None of you are frozen or condemned to suffer. Fight back to change tomorrow with the same determination you had to go from civilian kid to soldier. That wasn't easy but you came out after training stronger. You can come out of this stronger too.
Forget about forgetting but start to plan of taking power away from yesterday. It is a part of you but that doesn't mean it is supposed to suck the life out of you or control what you can become.
The last piece of this puzzle you need to know is the most important. Being resilient does not mean you are impervious. There is a price to pay for being human exposed to unacceptable limits. Pay the price and cry. Grieve for those you need to grieve for. Forgive what you need to be forgiven for and forgive others. Pay the price and then be free of the debt you assumed on you owed.
Then take tomorrow as the beginning of the journey back to home. Familiar but different territory you have to explore to get comfortable with.
Take the past and make peace with it instead of trying to escape it.
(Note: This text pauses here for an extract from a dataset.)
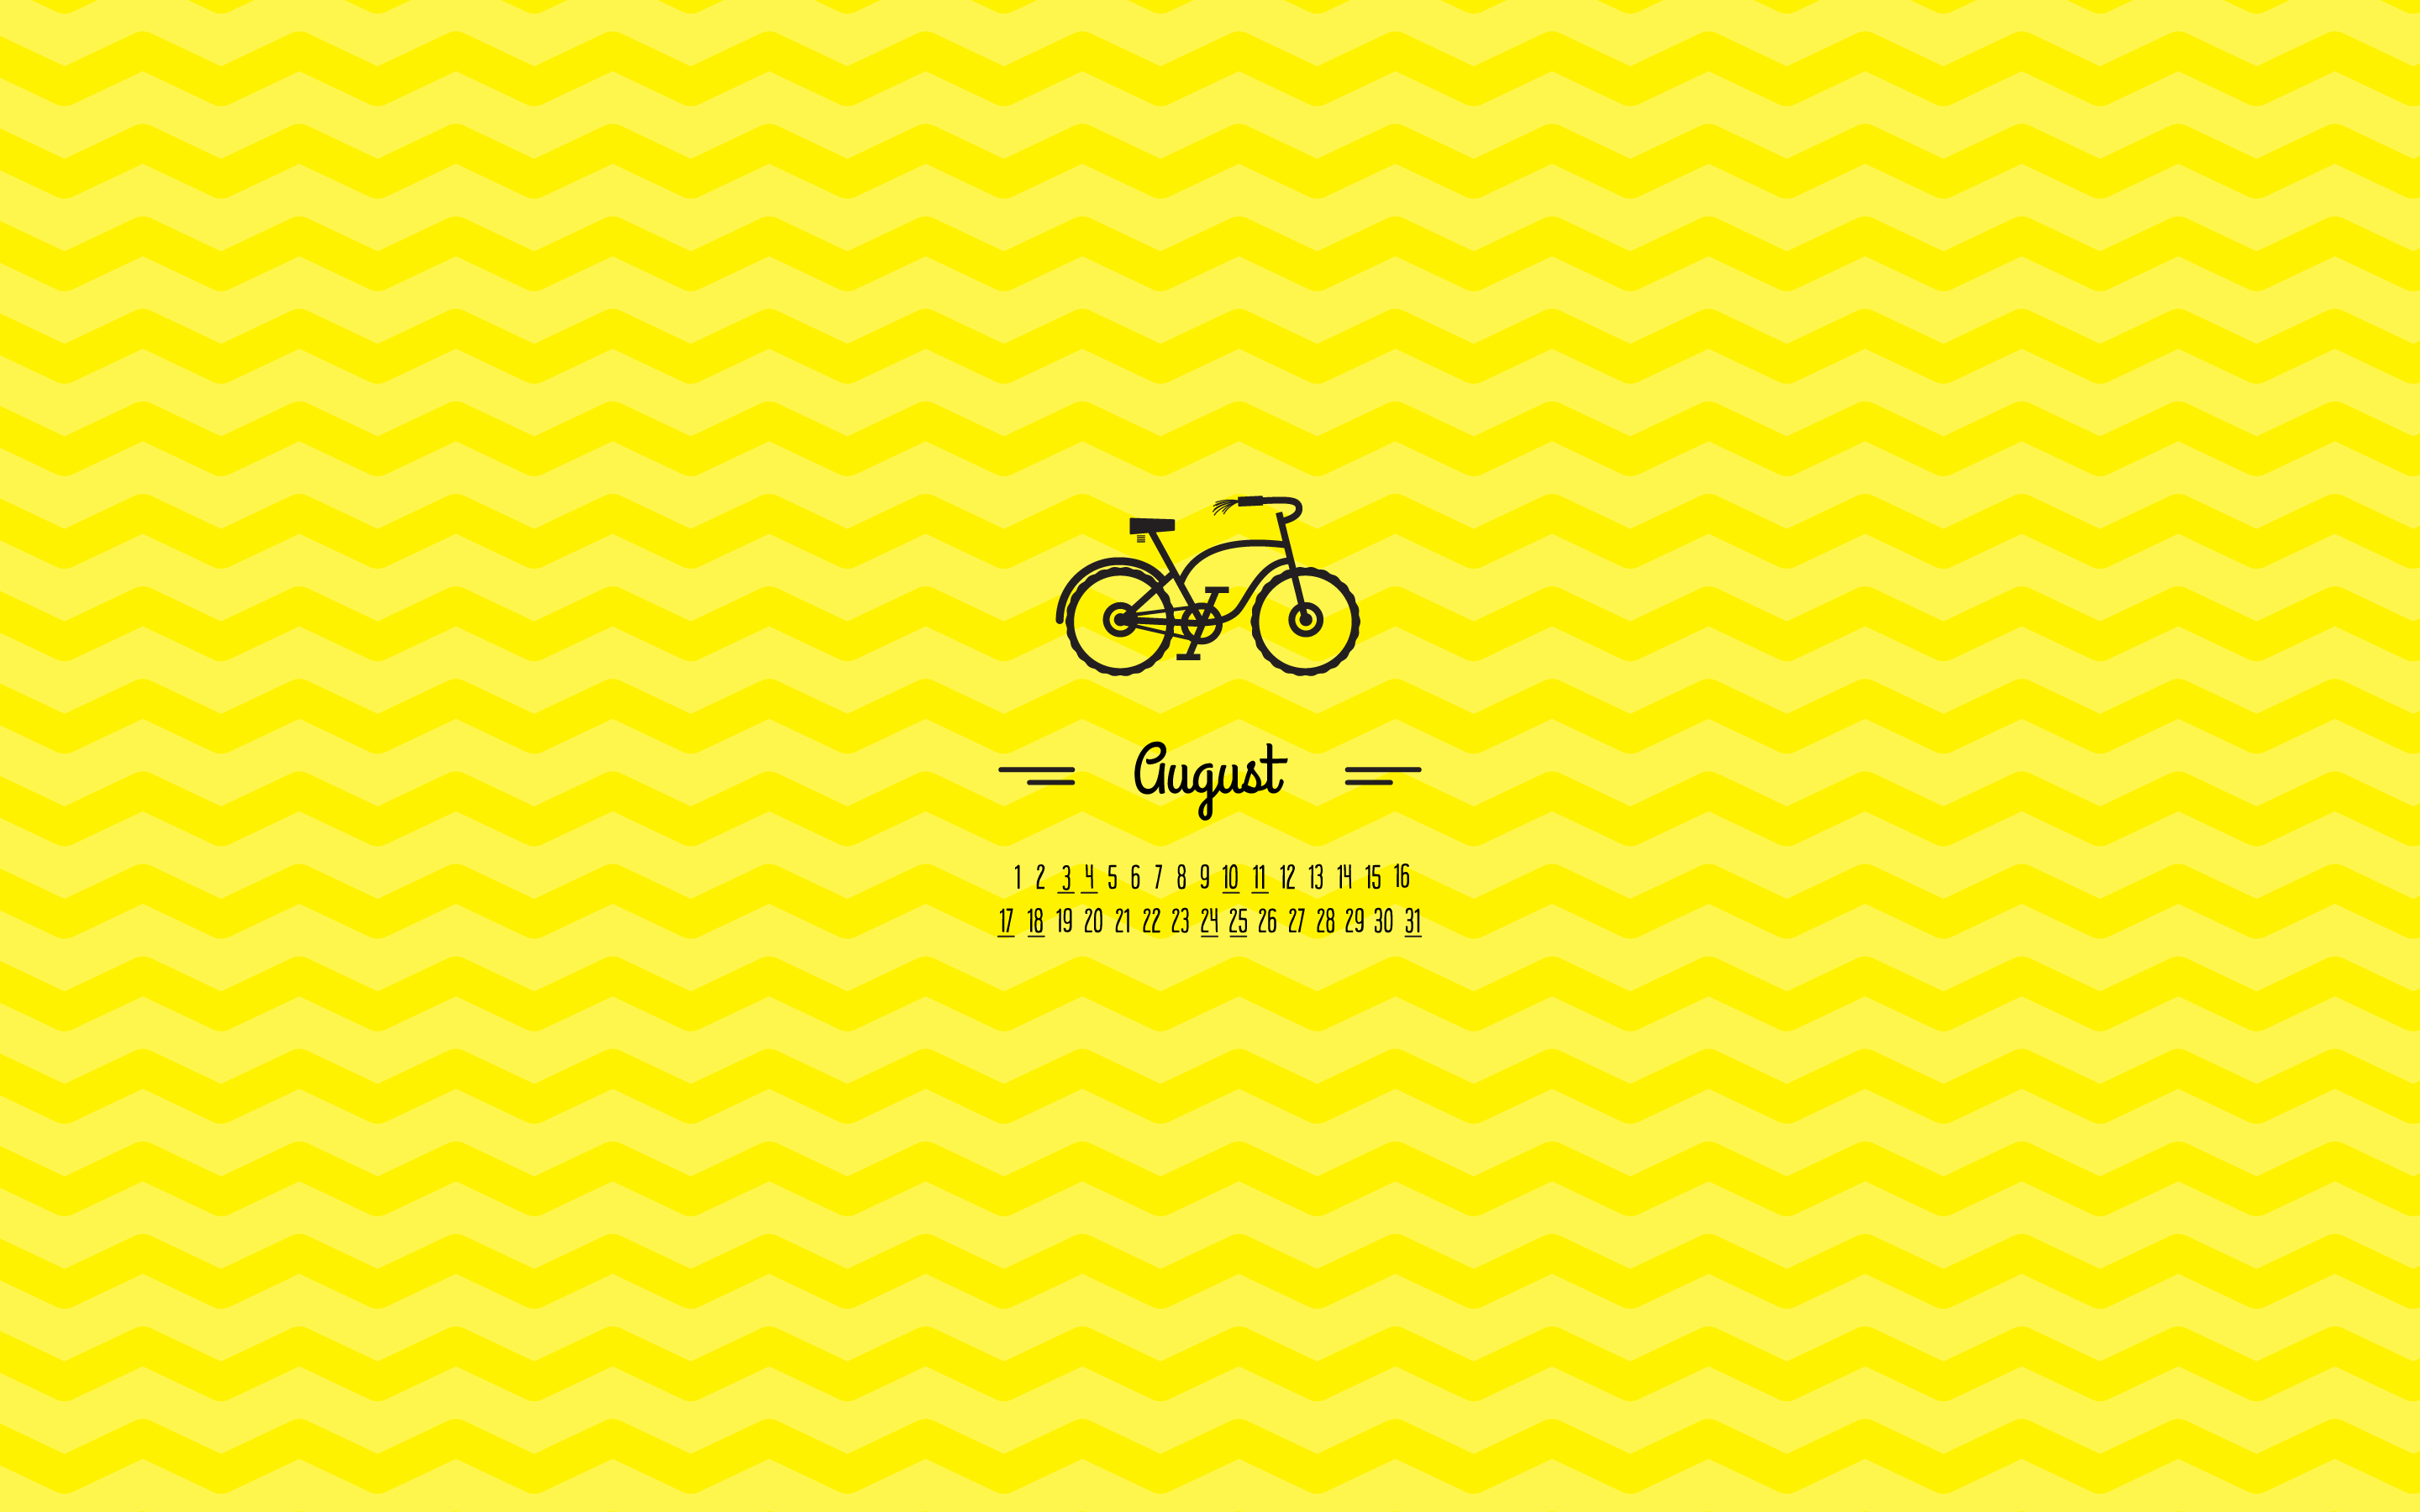 August 2016 desktop calendar wallpaper with a bicycle on a yellow background - August

It is all part of you but while you can't change it, you can change what it keeps doing to you.
This is one of my old videos from 2006, so the numbers are lower than now, but the idea is the same. You can come out of the dark. So work on it and then welcome back the new you.
Having PTSD and not knowing what it is, is like living in darkness. Nothing seems the same. When you know what it is, you can begin to heal the wounds you brought back home with you.